Life is all about honesty
And integrity so it’s pointless I lie to you.
This is what I will and will not do.
I won’t do everything for you.
If I say I’ll do anything for you, I’ll be lying.
Let’s face it, honestly,
There’s just so much a mere mortal can do.
I’m being true.
I’m not gonna get you water from the moon,
It’s too soon, nor feed you with a silver spoon.
There’s no room in my life for such outrageous acts cause I’m cowardly.
Not gonna feed you milk and honey
Won’t strain my brain to construct an excellent sentence
To tell you that I love you
I will only say it once
I gotta restrain from repetition

 

The condition being that I’m not even going to cross the ocean for you
I’ll die in two seconds.
I ain’t gonna be your strength for I’m too weak.
I can’t be everything you ask me too.
 I can only be who I am.
I will not climb the tallest mountain,
Nor get you water from the deepest fountain.
I will not shift unmoveable rocks, or turn back time on nature’s clocks.

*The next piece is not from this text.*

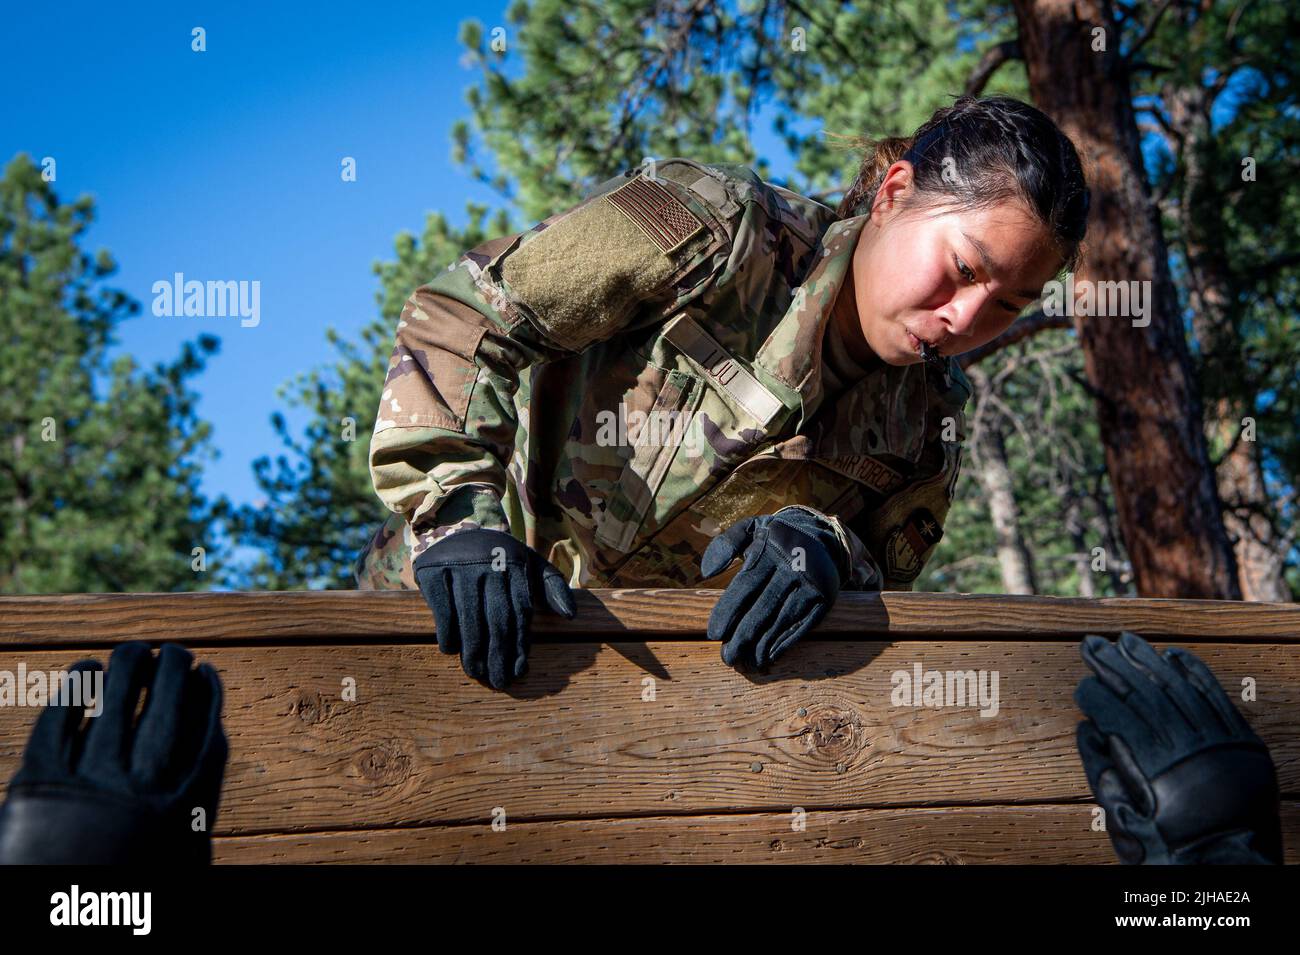 Colorado Springs, Colorado, USA. 12th July, 2022. Basic Cadets from the Class of 2026 complete the obstacle course at the U.S. Air Force Academy's Jacks Valley in Colorado Springs, Colo., on July 12, 2022. Basic Cadet Training (BCT) is a six-week indoctrination program to guide the transformation of new cadets from being civilians to military academy cadets prepared to enter a four-year officer commissioning program. Credit: U.S. Air Force/ZUMA Press Wire Service/ZUMAPRESS.com/Alamy Live News Stock Photo

I won’t sing to you how I feel cause I can’t,
And even if I could, it’s enough for me to tell you up front.
I won’t spend hours on the telephone
Or come visit you daily at home.
I can soar to new heights
But won’t do it for you, especially if I’m being tested.
However, I got no wings
And that has made flying impossible.
If I said that I’ll be as romantic as you want me to,
That too would be a lie
Because I can only do so much to please a woman.
I can’t take you to the chicest restaurant/ hotel for valentines.
I will get you a rose though
And if it’s not natural,
You shouldn’t be angry cause
I may not know where to find one.
I can’t be different from other guys
For after all
I’m still a guy.
I will not send chocolates and flowers when you least expect.
I hate surprises too.
If I don’t know how to kiss
Please don’t blame me;
I did not have enough practice.

And if I can’t change according to your demands

Understand that,
I’m only one man.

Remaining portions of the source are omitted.